How to Fit a Codebase in an LLM Context Window
Even with 1M-token windows, real codebases overflow. A 50k-line TypeScript project averages ~700K tokens including comments and dependencies. freefilestoprompt.app handles overflow with a priority + auto-fit model: you tell the tool which files matter most (priorities + pins), the tool packs those first, lower priorities get dropped greedily when the budget runs out.
Practical strategies for large codebases
- Drop the obvious noise first.
node_modules,dist,.next,build, lockfiles, generated code, large fixture data. These are usually 60-80% of repo size with near-zero LLM signal. Use the Drop button on each. - Pin the architecture-defining files. Top-level entry points, route definitions, schema files, type contracts, key abstractions. These are small but high-information.
- High-priority for the area you're asking about. If you're asking about auth, mark all auth-related files high. The packer keeps highs first.
- Low-priority for context-establishing fluff. README, configuration, examples — useful background but droppable when over budget.
- Use line numbers when prompts reference specific lines. Toggle the option; output gets
1prefixes per line. Lets the LLM cite line numbers back at you.
What "doesn't fit" actually means
The budget bar turns red when included files exceed (context window - reserved output). The LLM will reject prompts that exceed its context window, but reserved output also matters: if your prompt fills the entire window, the model has no room to generate a response. Default reserved is 8000 tokens; raise it (16000-32000) if you expect long responses, lower it if you're asking yes/no questions.
Token counts at a glance
| Codebase | Approx. tokens | Models that fit it whole |
|---|---|---|
| Small library / single feature (~5k LOC) | ~70K | All models |
| Medium app (~20k LOC) | ~280K | GPT-5, Claude Opus, Gemini 2.5 Pro, Llama 4 Scout |
| Large product / monorepo subset (~50k LOC) | ~700K | Claude Opus, Sonnet, Gemini 2.5 Pro, Llama 4 Scout |
| Full monorepo (~200k LOC) | ~2.8M | Llama 4 Scout (10M) |
| Linux kernel-scale | ~50M+ | None — must pack a subset |
Rough estimates assuming ~14 LOC per 1k tokens. Actual ratio varies 10-30 LOC per 1k depending on language and density.
When auto-fit is not enough
For very large codebases, even aggressive priority + drop won't fit everything in the window. Two options:
- Multi-prompt workflow: Pack different subsets for different questions. "Auth module + types + tests" for one prompt, "API routes + middleware + types" for another.
- Summarize-then-include: Run an LLM-pass to summarize each file or directory into a short description, pack the summaries (much smaller) along with the actual files relevant to your question. Two-pass workflow.

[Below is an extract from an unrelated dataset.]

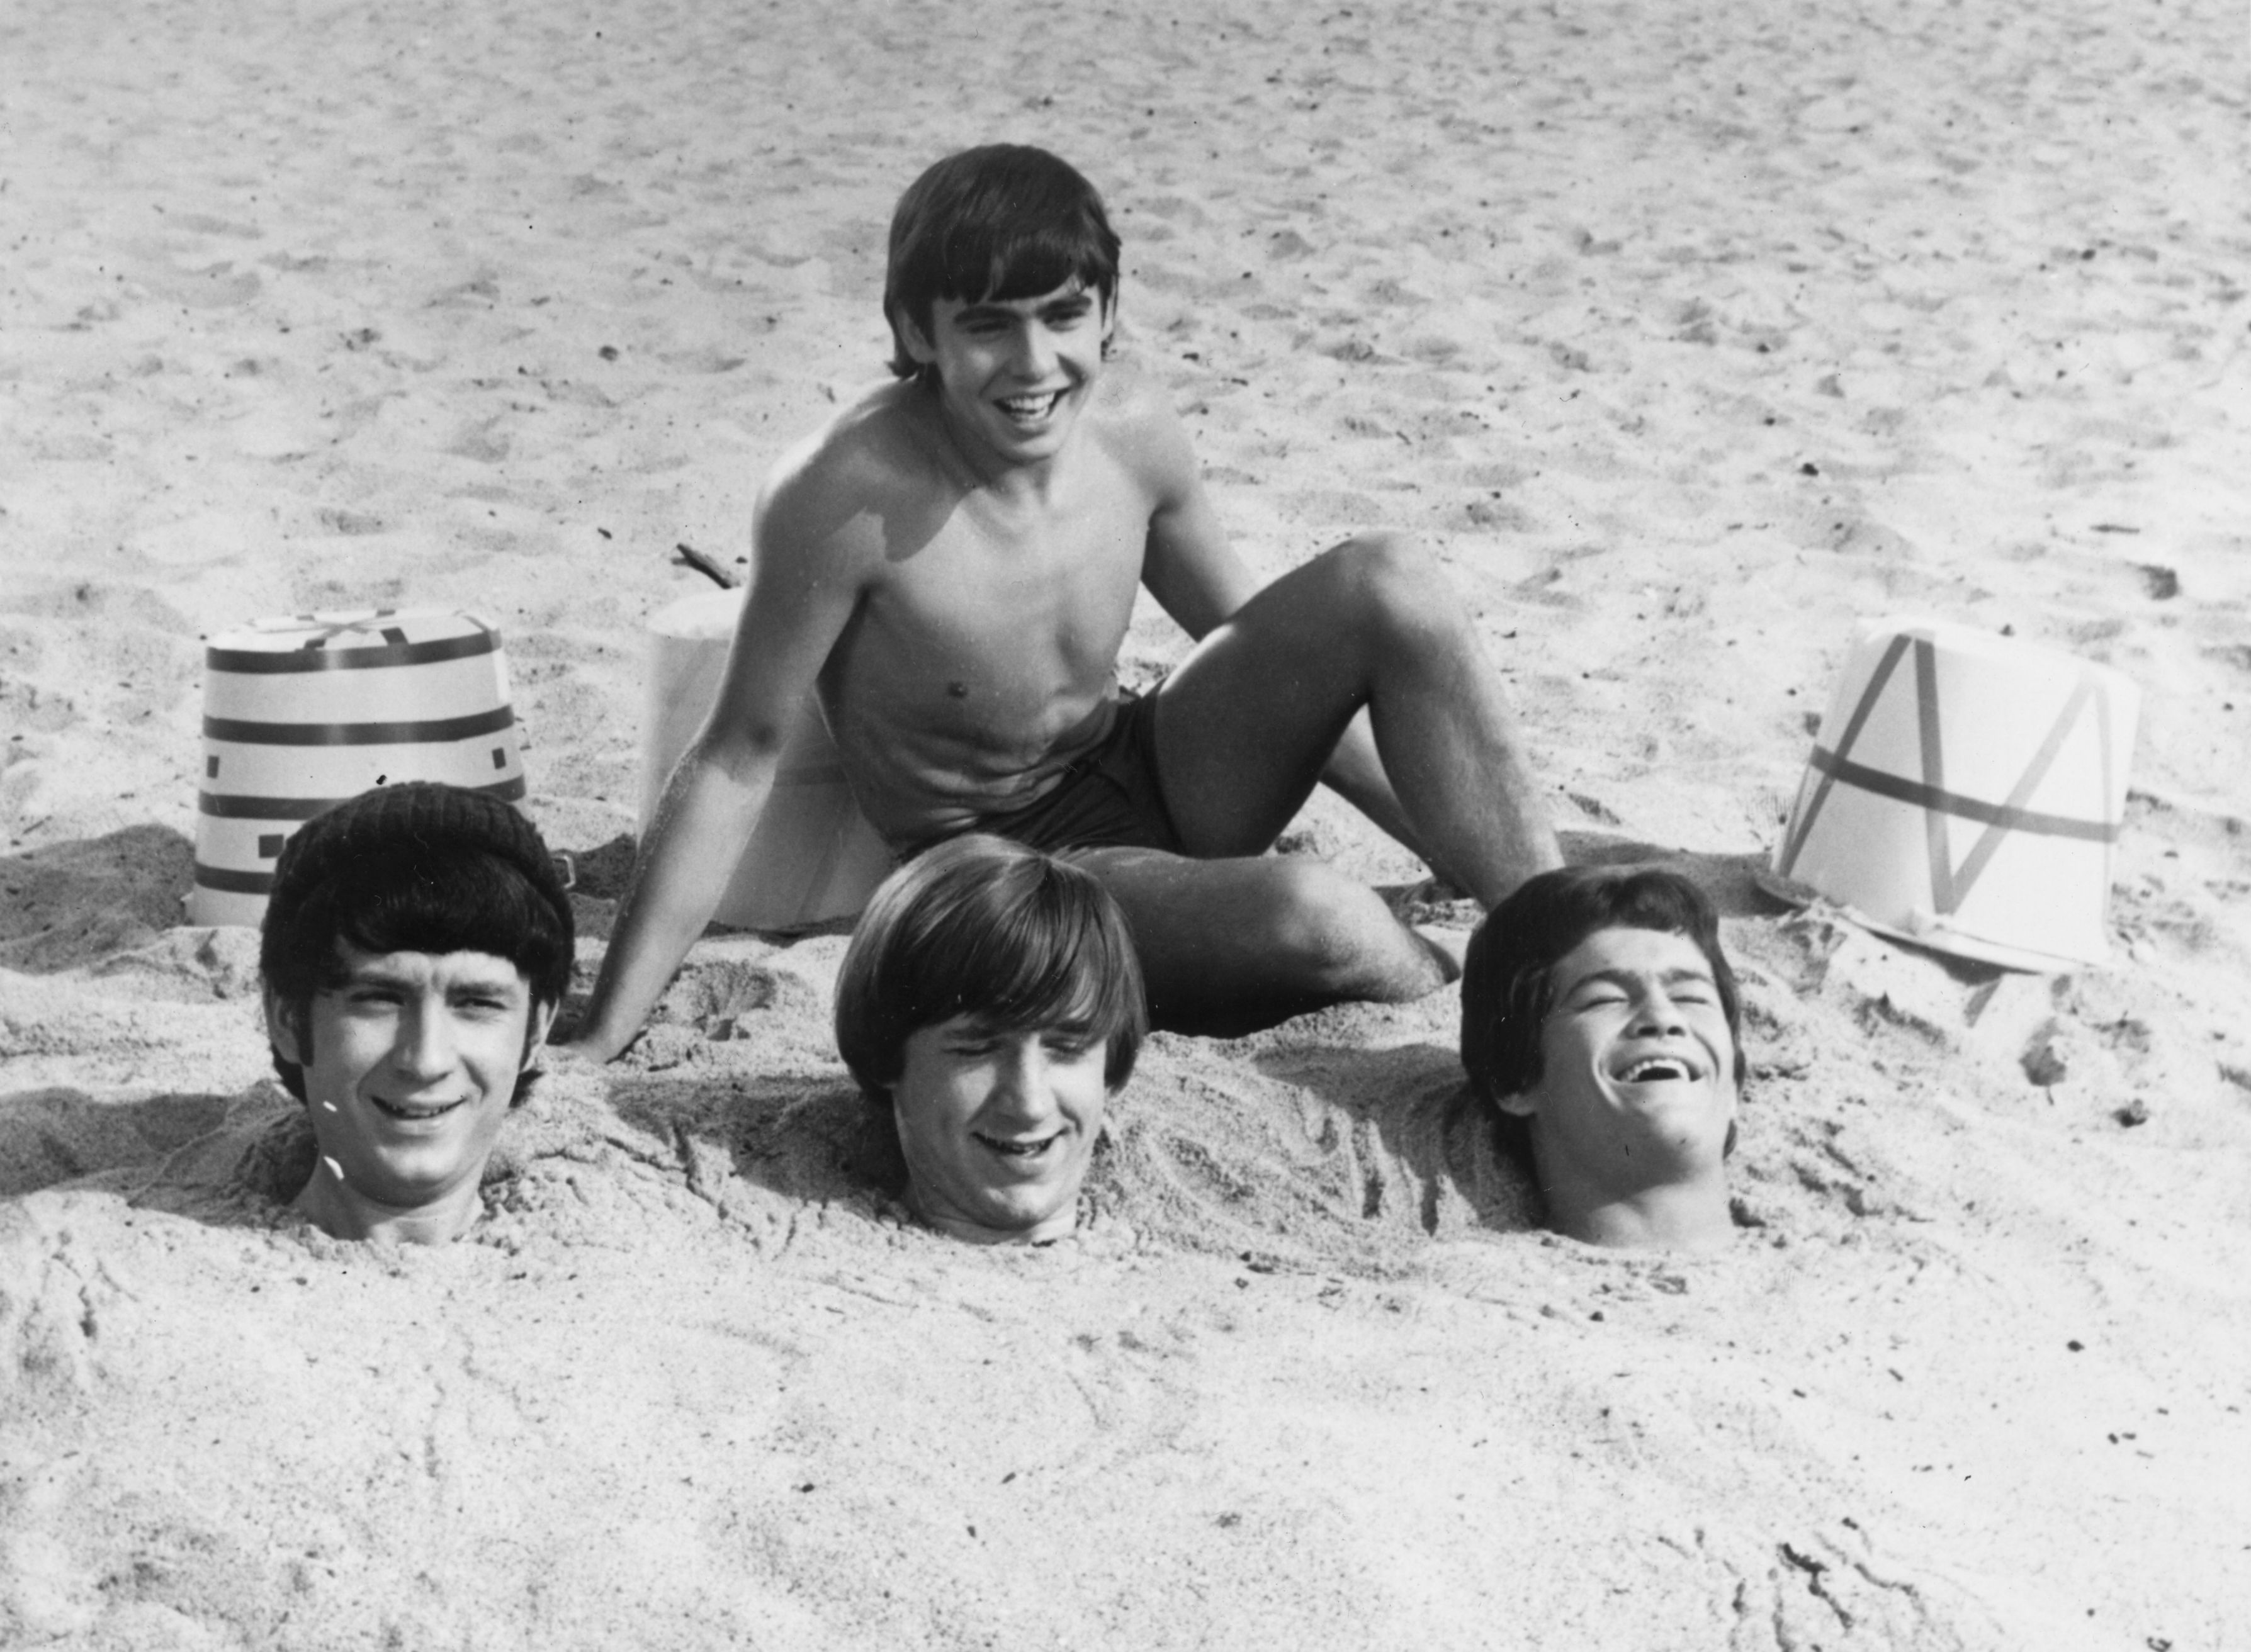 The Monkees' Mike Nesmith, Davy Jones, Peter Tork, and Micky Dolenz on a beach

Try freefilestoprompt.app — Free, No Sign-Up
Drop files, set a target model, get one packed prompt. Runs entirely in your browser.
Open Files to Prompt →Frequently Asked Questions
How do I know which files are highest signal?
Heuristic: small files near the top of the source tree (entry points, type contracts) usually have highest information density per token. Large files with mostly boilerplate or test data are lower density. Pin the small-and-central, drop the large-and-peripheral.
My codebase is 5M tokens — what do I do?
Use Llama 4 Scout (10M context window) directly, or pack a focused subset for Claude / Gemini (1M each). For Llama 4 Scout, freeprompttester.app routes via Groq's hosted version.
Should I include node_modules / vendor / similar?
No. These are dependencies you don't usually need to give the LLM — the LLM already knows the public APIs. If you specifically need to debug a third-party library issue, drop just the relevant package's source files in.
What about generated code (Prisma, GraphQL codegen)?
Drop it. The LLM can usually reason about your queries from your schema files alone, and generated code is large and noisy.
How do I handle proprietary code?
freefilestoprompt.app reads files locally only — they never leave your browser. Whatever you drop stays on your device. The packed prompt that you copy and paste into your LLM is the only thing that goes to the LLM provider; the tool itself sees nothing.
Can I use this for embeddings / RAG instead of direct prompts?
Yes. The output is just a text block with delimiters — useful as the input to chunkers, embedding generators, RAG pipelines, etc. Pick the plain or markdown format if your downstream tool prefers simple separators.